Every line from the line containing "VNA employees donate to needy families" through the final line below must be returned exactly, and no other line.

RAW DATA.
Segment Open

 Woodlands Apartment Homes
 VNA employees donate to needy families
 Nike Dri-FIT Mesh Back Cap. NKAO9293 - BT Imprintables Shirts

Segment Closed

SOLUTION TO THE PROBLEM.
 VNA employees donate to needy families
 Nike Dri-FIT Mesh Back Cap. NKAO9293 - BT Imprintables Shirts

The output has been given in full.